A clostridium difficile infection is a type of bacteria that can cause diarrhoea, a high temperature and a loss of appetite. It is one of the most common healthcare-associated infections (HAIs), amongst patients in large, acute-care facilities. The new study has discovered a new method to mitigate this growing problem through an aerosolised hydrogen peroxide disinfection system.

“Our study showed that persistence in utilising an aerosolised hydrogen peroxide system had a significant impact on reducing C. difficile infections hospital-wide,” said Christopher L. Truitt, PhD, Wayland Baptist University, and the paper’s lead author.

The study appears in the American Journal of Infection Control (AJIC).

Clostridium difficile infection

Clostridium difficile infections are responsible for 223,000 HAI’s leading to more than 12,000 deaths and $6.3 billion in costs in the United States annually, according to the Centers for Disease Control and Prevention and The Joint Commission.

Clostridium difficile spores are typically transmitted by environmental surfaces in hospital rooms, including bed handrails, equipment controls, and doorknobs, and are resistant to hand sanitisers and most disinfectants. This resistance poses a problem for healthcare environments and can cause mass spreading of the Clostridium difficile infection. This highlights the necessity of enhanced protocols for hand hygiene and environmental cleaning, along with improving antibiotic prescribing to prevent Clostridium difficile infection. However, even with heightened measures in place, the microbe is difficult to eradicate from hospital surfaces.

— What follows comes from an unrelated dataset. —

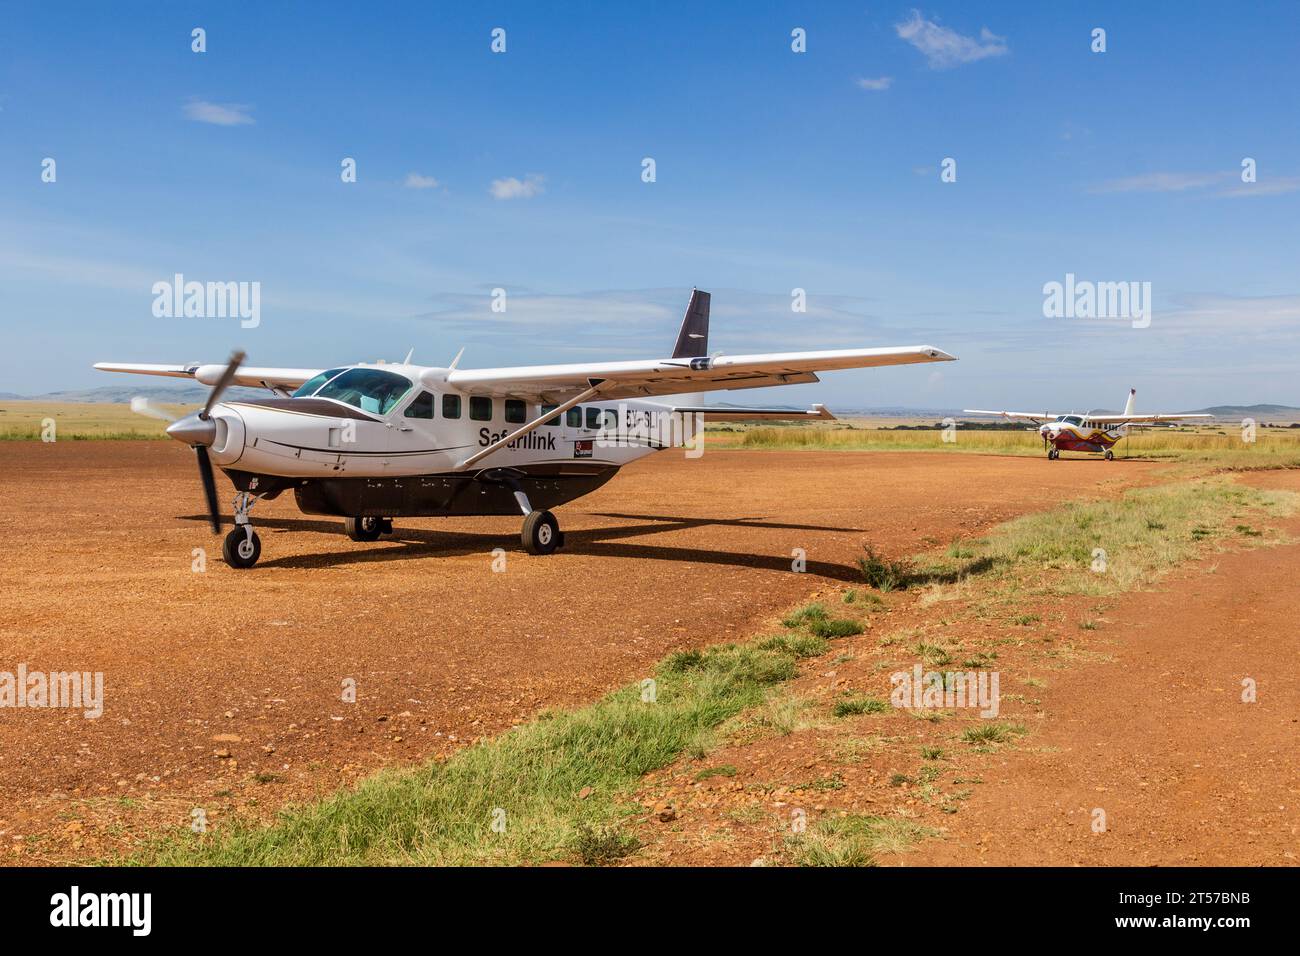 MASAI MARA, KENYA - FEBRUARY 19, 2020: Airplanes at the Keekorok airstrip in Masai Mara National Reserve, Kenya Stock Photo

Aerosolised hydrogen peroxide system offers a touchless, whole-room approach to improve standard environmental cleaning protocols. The system generates aerosolised dry-mist fog that contains a specified percentage of hydrogen peroxide. The fog covers all exposed surfaces to kill any Clostridium difficile spores that remain following physical cleaning. To date, no long-term data are evaluating the use of these systems.

Studying the effectiveness of aerosolised hydrogen peroxide

To study the effectiveness of this system, Dr Truitt and his colleagues retrospectively analysed Clostridium difficile infection rates at a large, acute-care facility in Philadelphia, Pennsylvania, over ten years to evaluate the effectiveness of an aerosolised hydrogen peroxide disinfection system for reducing infection rates. The researchers compared the incidence of healthcare-associated Clostridium difficile infections at the facility before and following the implementation of the system as an addition to standard patient-room cleaning procedures following the discharge or transfer of patients with a clostridium difficile infection.

The teams’ findings suggest that consistently using the disinfection system, contributed to a significant and sustained reduction in Clostridium difficile infection rates. Throughout the 27 months before implementation of the system, the facility recorded 120 healthcare-associated clostridium difficile infections. Following the implementation, 72 cases were noted over a 33-month interval, reflecting a 41% decrease in infection rates.

Over an additional five-year period during which the aerosolised hydrogen peroxide system was consistently utilised along with an environmental cleaning program and other measures, including antibiotic stewardship, researchers observed a 74% reduction in hospital-onset CDI. *Between January 2015 and December 2019, CDI rates consistently decreased from 5.4 per 10,000 patient days to 1.4 per 10,000 patient days.

“CDI is difficult to prevent because it is so hard to eliminate from the environment. The study conducted by Dr Truitt and colleagues provides valuable insight about the benefits of supplementing prevention efforts with aHP to help meaningfully decrease rates of this often-deadly disease,” said Linda Dickey, RN, MPH, CIC, FAPIC, and 2022 APIC president.